I need to replace substrings in a column value in dataframe
Example: I have this column 'code' in a dataframe (in really, the dataframe is very large)
3816R(motor) #I need '3816R'
97224(Eletro)
502812(Defletor)
97252(Defletor)
97525(Eletro)
5725 ( 56)
And I have this list to replace the values:
list = ['(motor)', '(Eletro)', '(Defletor)', '(Eletro)', '( 56)']
I've tried a lot of methods, like:
df['code'] = df['code'].str.replace(list, '')
And regex= True, but anyone method worked to remove the substrings.
How can I do that?
CodePudding user response:
You can try regex replace and regex or condition: https://pandas.pydata.org/docs/reference/api/pandas.Series.str.replace.html https://www.ocpsoft.org/tutorials/regular-expressions/or-in-regex/
l = ['(motor)', '(Eletro)', '(Defletor)', '( 56)']
l = [s.replace('(', '\(').replace(')', '\)') for s in l]
regex_str = f"({'|'.join(l)})"
df['code'] = df['code'].str.replace(regex_str, '', regex=True)
The regex_str
will end up with something like
"(\(motor\)|\(Eletro\)|\(Defletor\)|\( 56\))"
CodePudding user response:
If you are certain any and all rows follow the format provided, you could attempt the following by using a lambda function:
df['code_clean'] = df['code'].apply(lambda x: x.split('(')[0])
CodePudding user response:
You can try the regular expression match method: https://docs.python.org/3/library/re.html#re.Pattern.match
df['code'] = df['code'].apply(lambda x: re.match(r'^(\w )\(\w \)',x).group(1))
The first part of the regular expression ^(\w )
, creates a capturing group of any letters or numbers before encountering a parenthesis.
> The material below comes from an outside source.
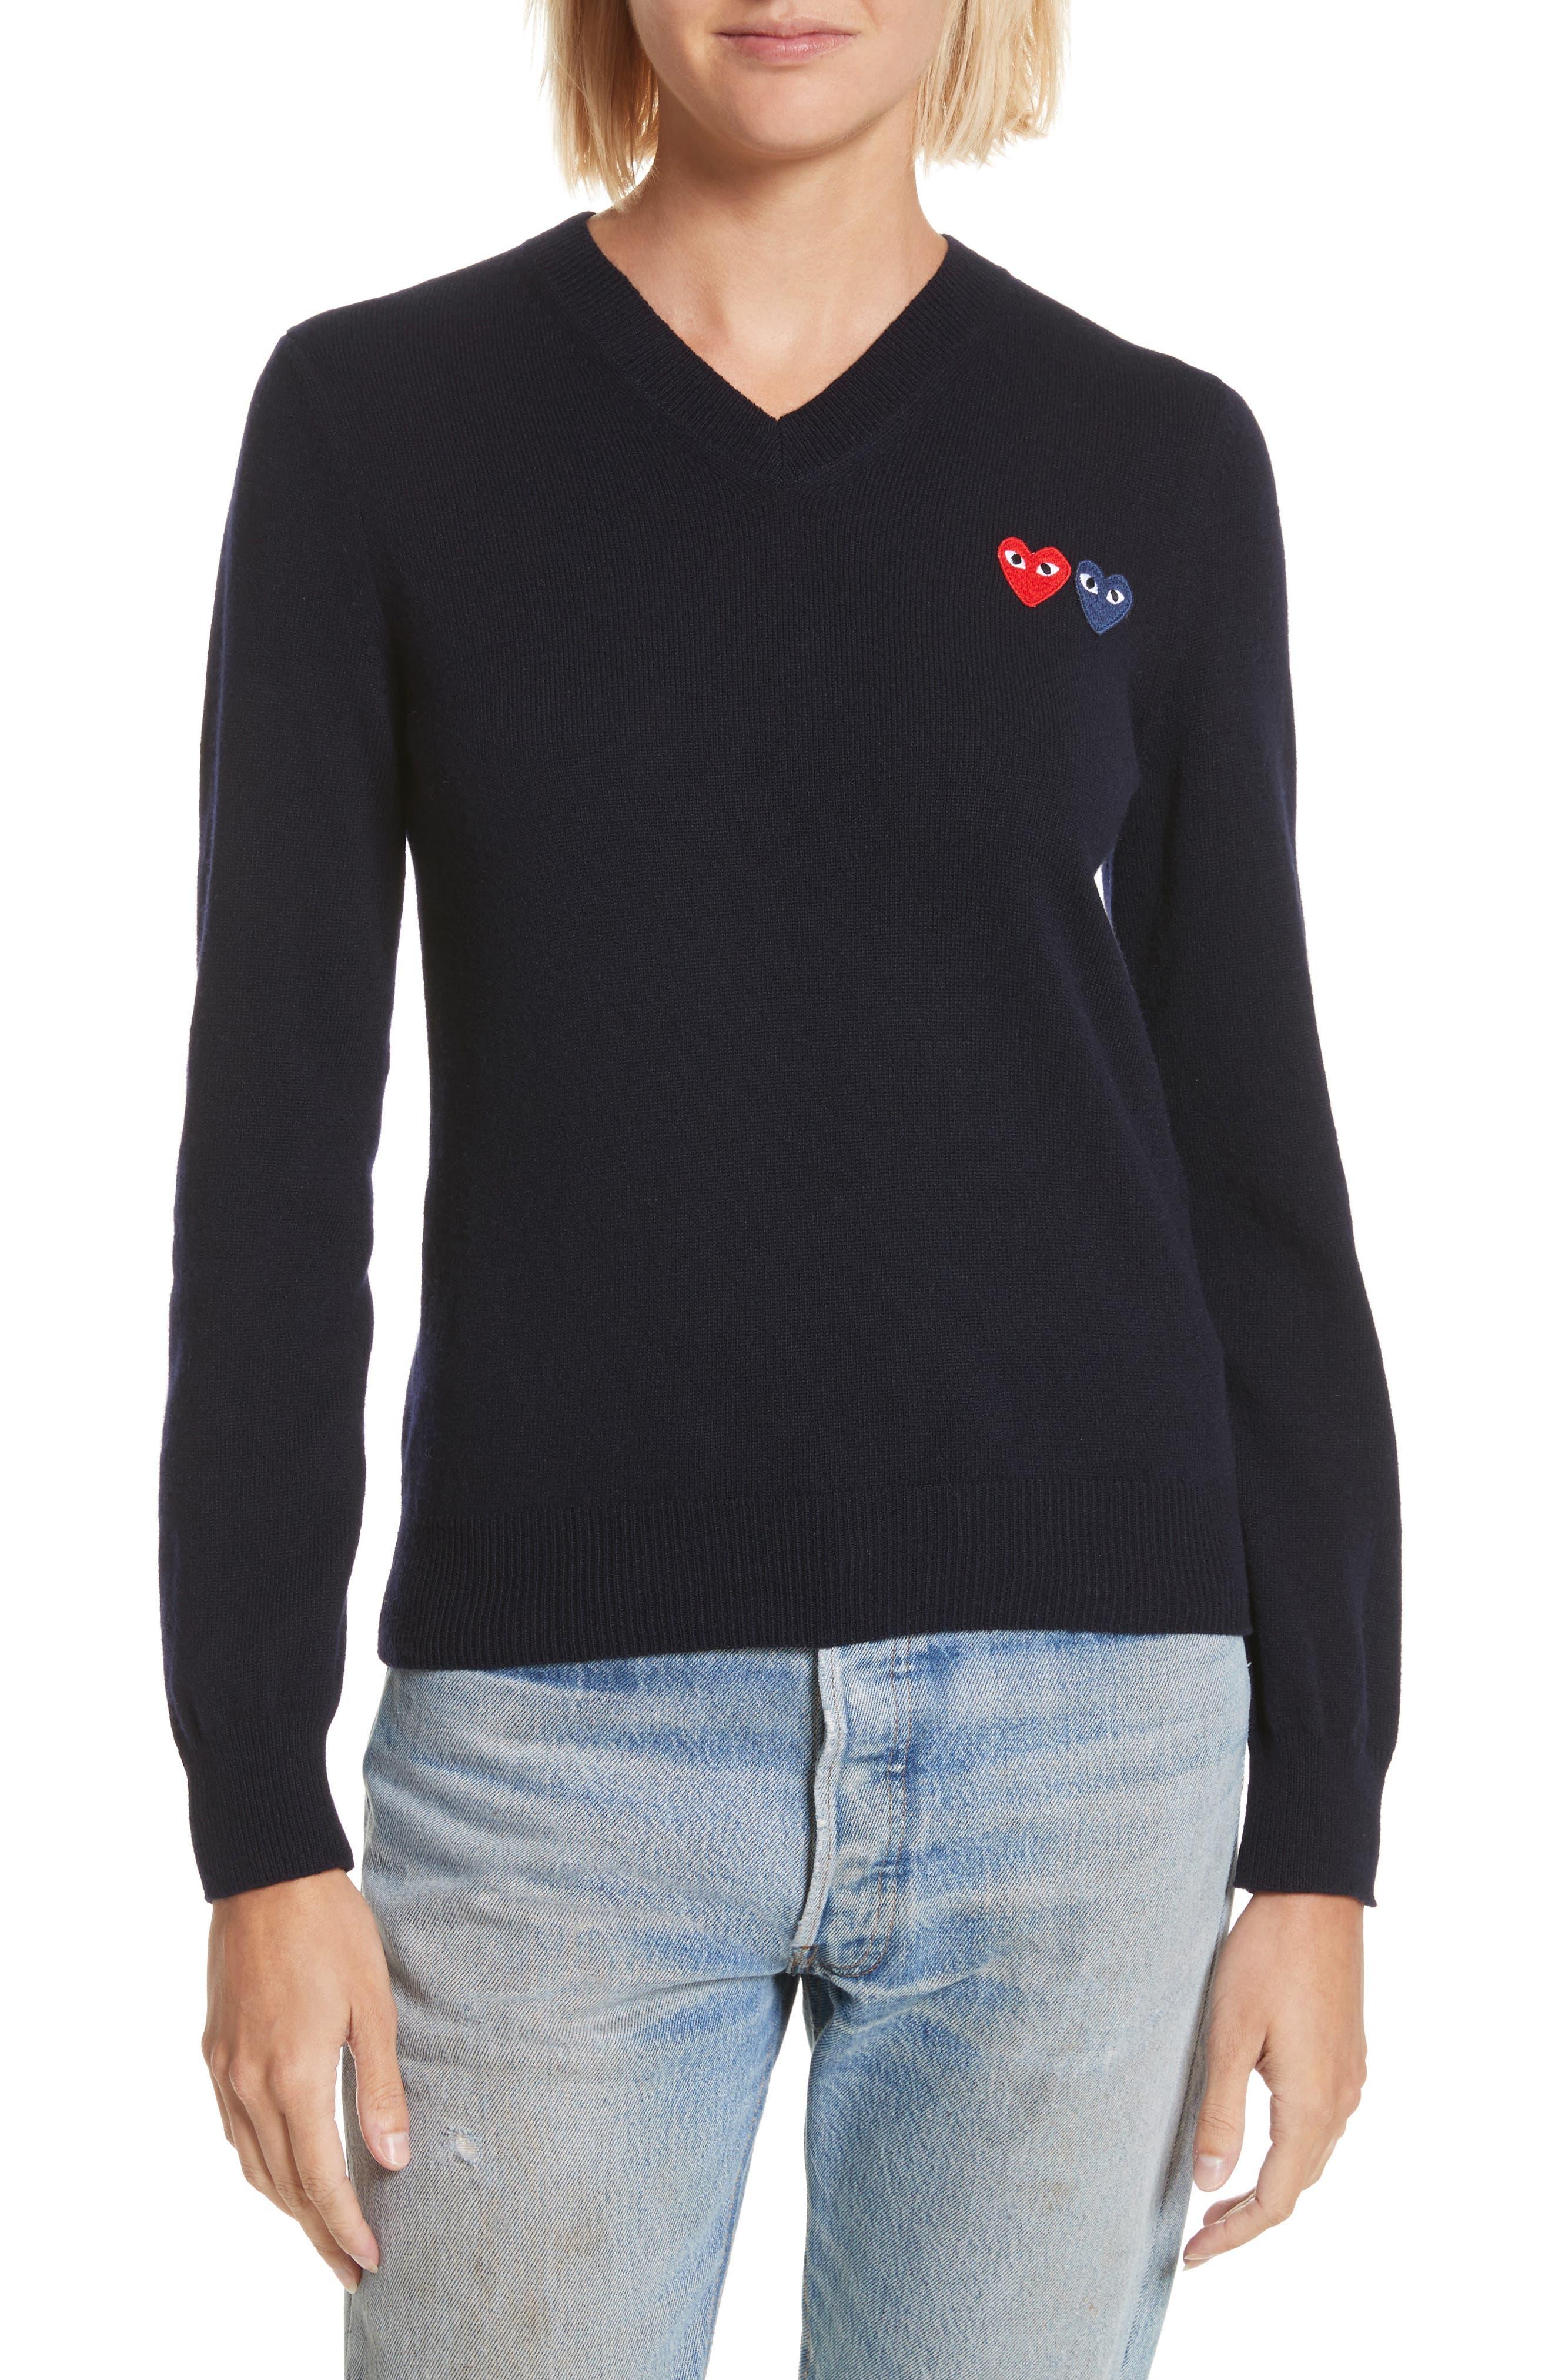 Main Image - Comme des Garçons PLAY Double Heart Wool Sweater

The group(1)
then extracts the text.
CodePudding user response:
str.replace will work with one string not a list of strings.. you could probably loop through it
rmlist = ['(motor)', '(Eletro)', '(Defletor)', '(Eletro)', '( 56)']
for repl in rmlist:
df['code'] = df['code'].str.replace(repl, '')
alternatively if your bracketed substring is at the end.. split it at "(" and discard additional column generated..will be faster for sure
df["code"]=df["code"].str.split(pat="(",n=1,expand=True)[0]
str.split is reasonably fast